● EXERCISE: Would you copy the listing below exactly, keeping the pictures out?

● DATA SECTION:

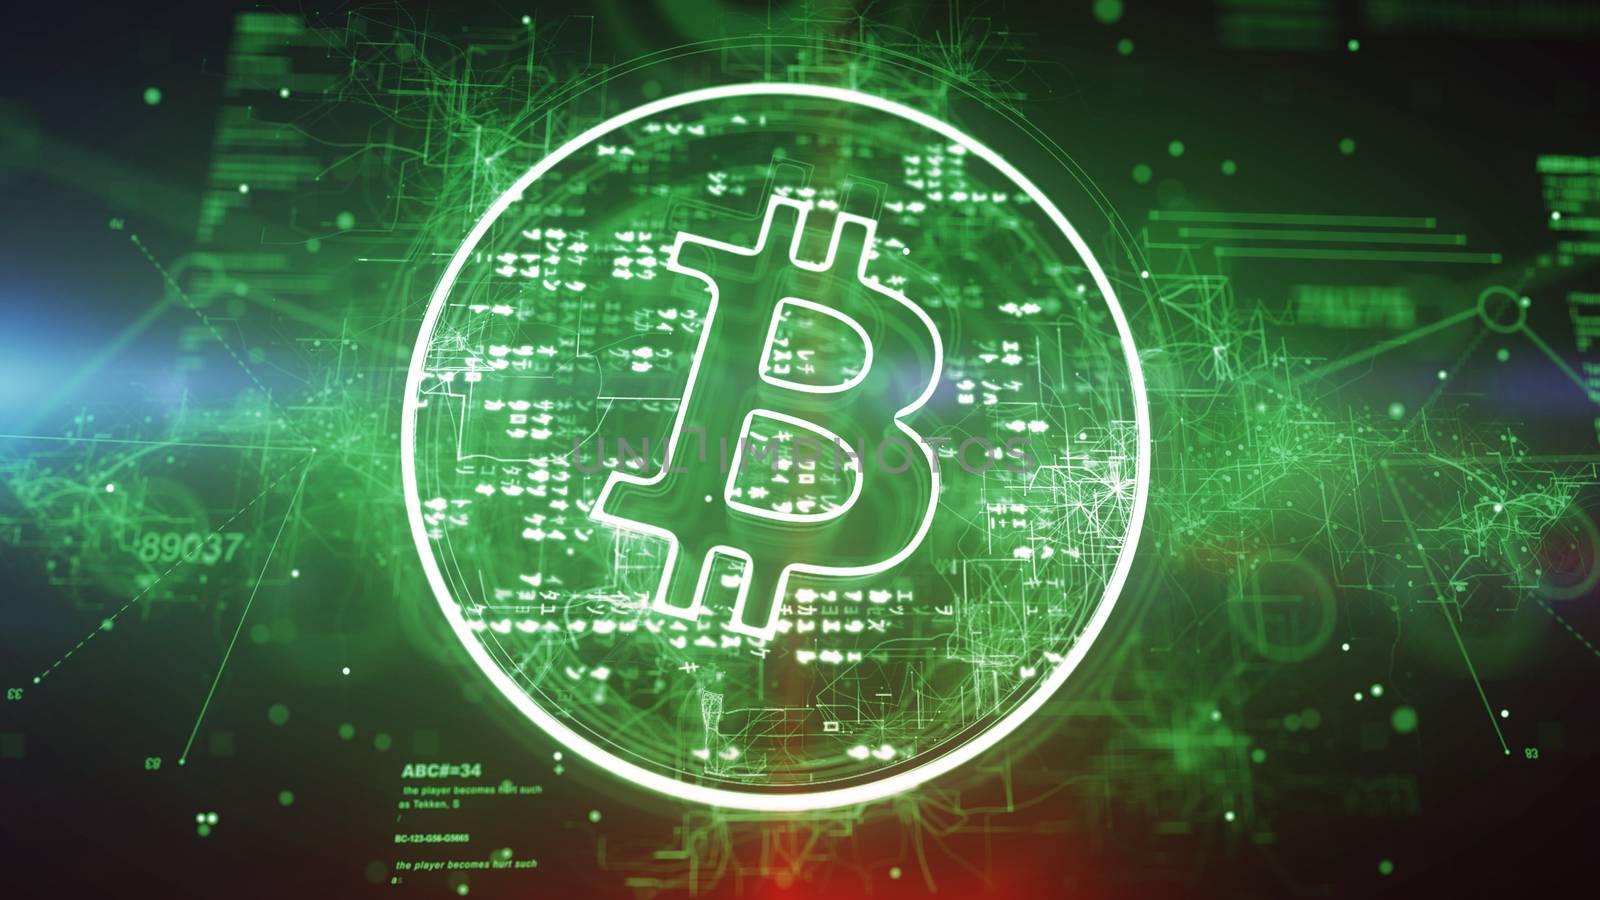 Advanced Bitcoin in Green Circle by klss
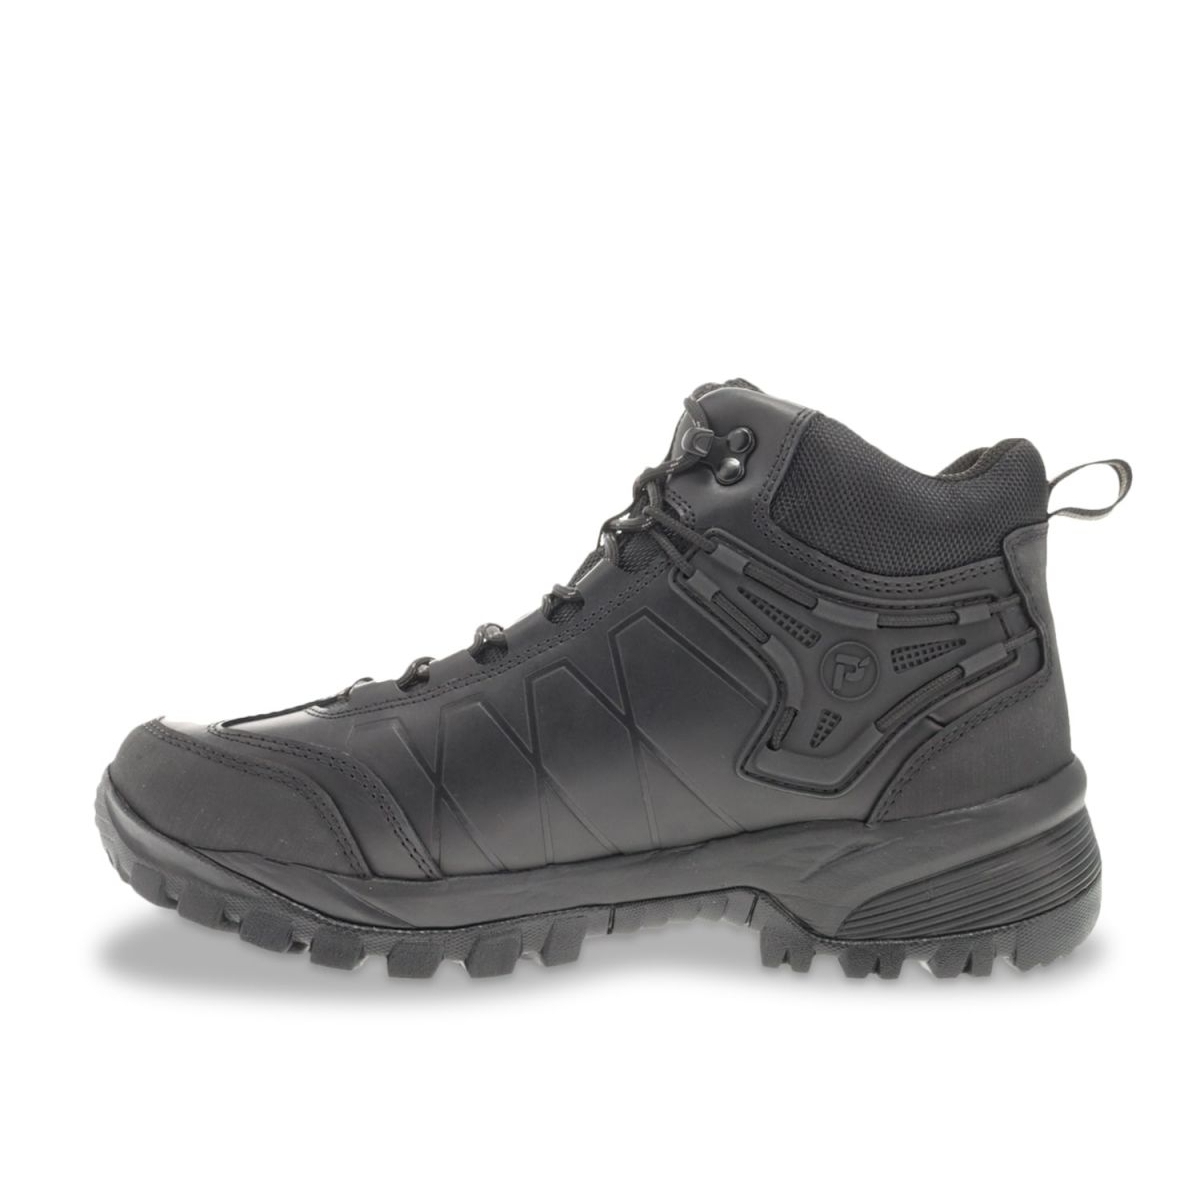 Propet Men's Ridge Walker Force Hiking Boots Black - MBA052LBLK BLACK - BLACK, 16 XX-Wide
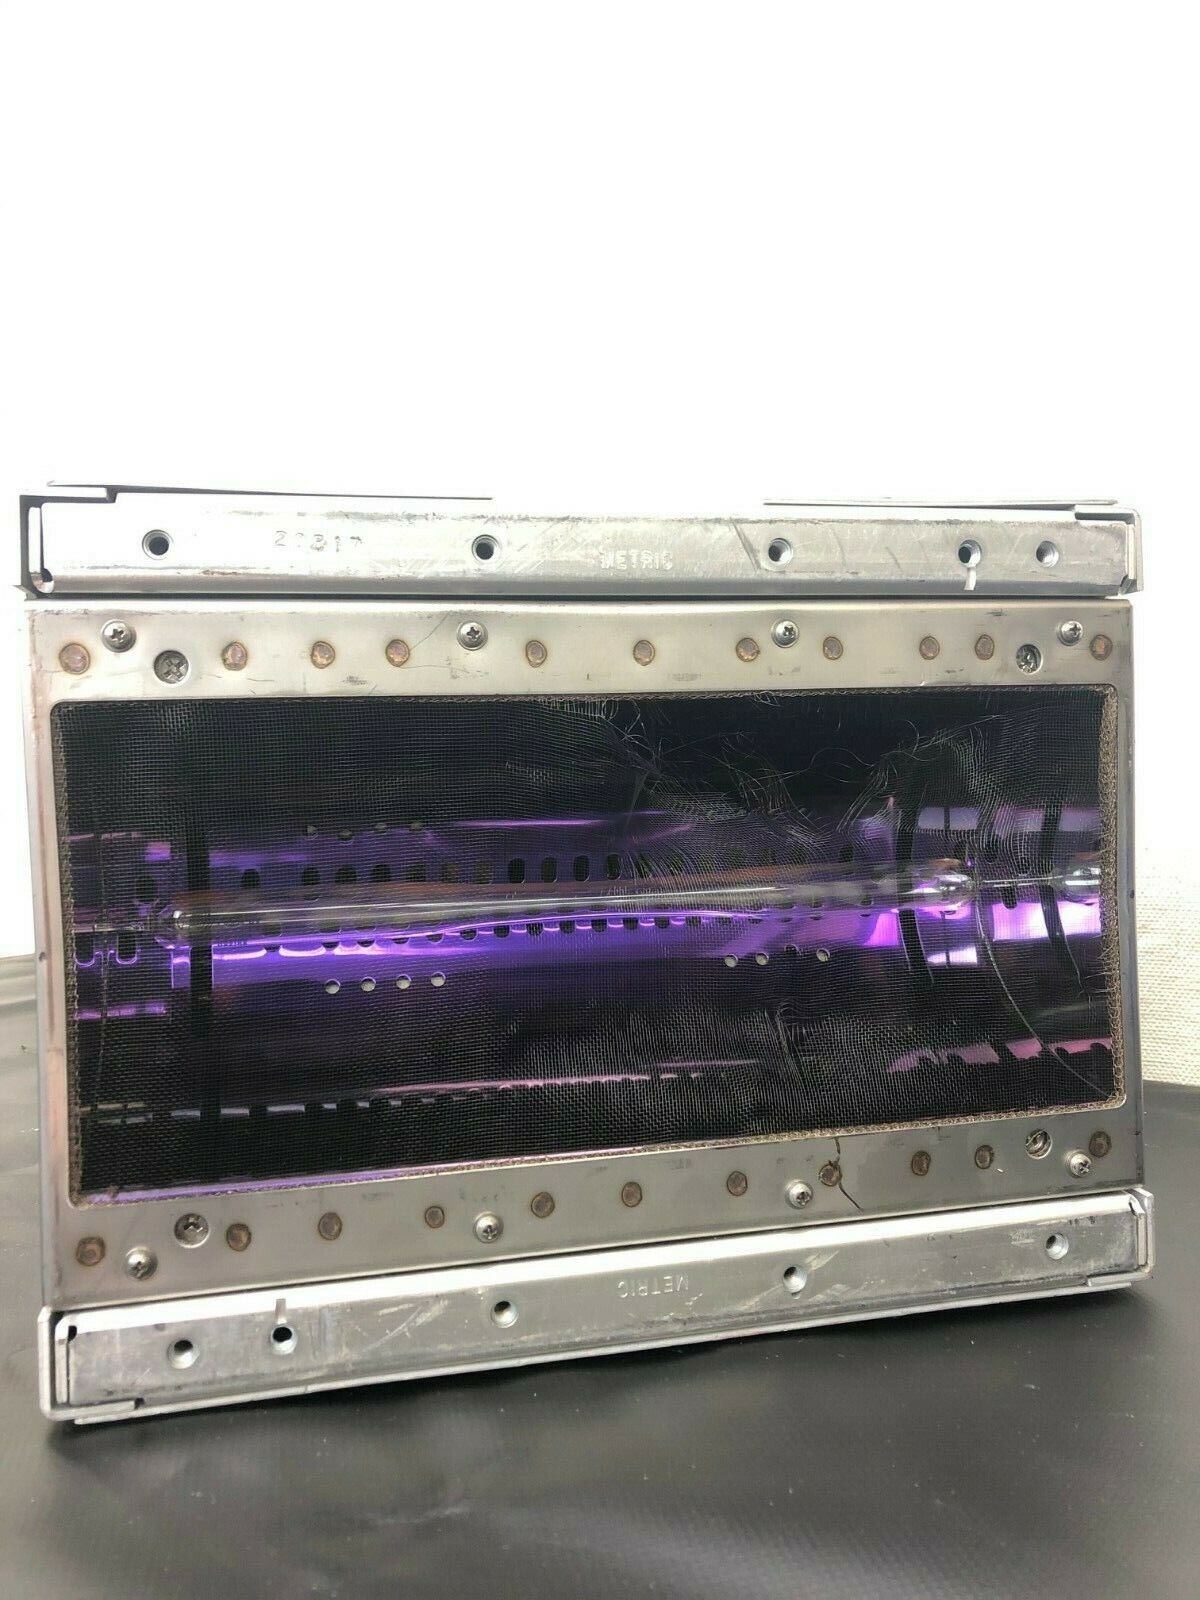 Fusion UV Light Hammer Irradiator LH10 Fusion UV Systems, Inc. Does Not Apply - фотография #5
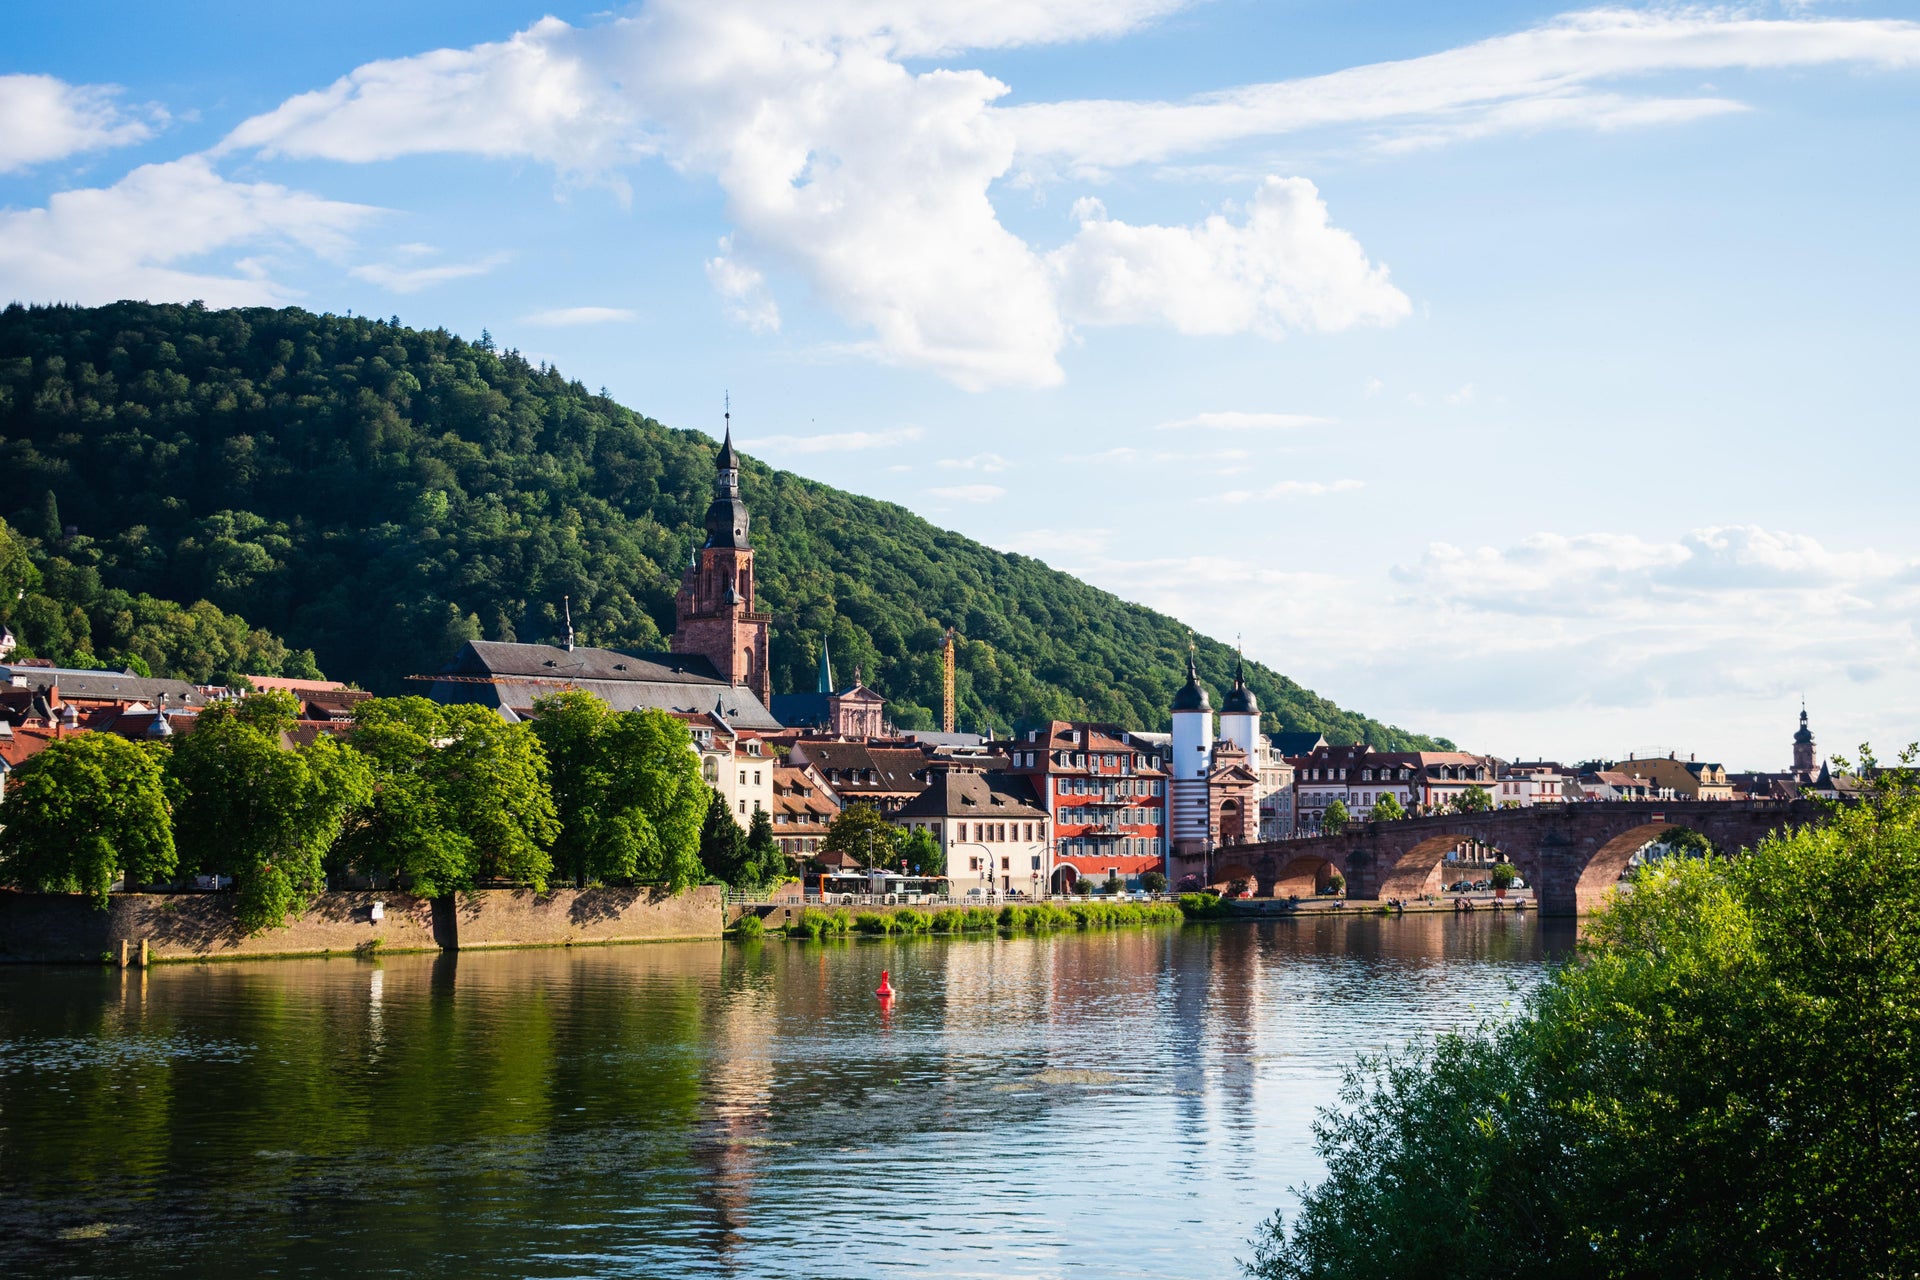 Private Tour of Heidelberg

● SOLUTION TO THE PROBLEM:
 Advanced Bitcoin in Green Circle by klss
 Propet Men's Ridge Walker Force Hiking Boots Black - MBA052LBLK BLACK - BLACK, 16 XX-Wide
 Fusion UV Light Hammer Irradiator LH10 Fusion UV Systems, Inc. Does Not Apply - фотография #5
 Private Tour of Heidelberg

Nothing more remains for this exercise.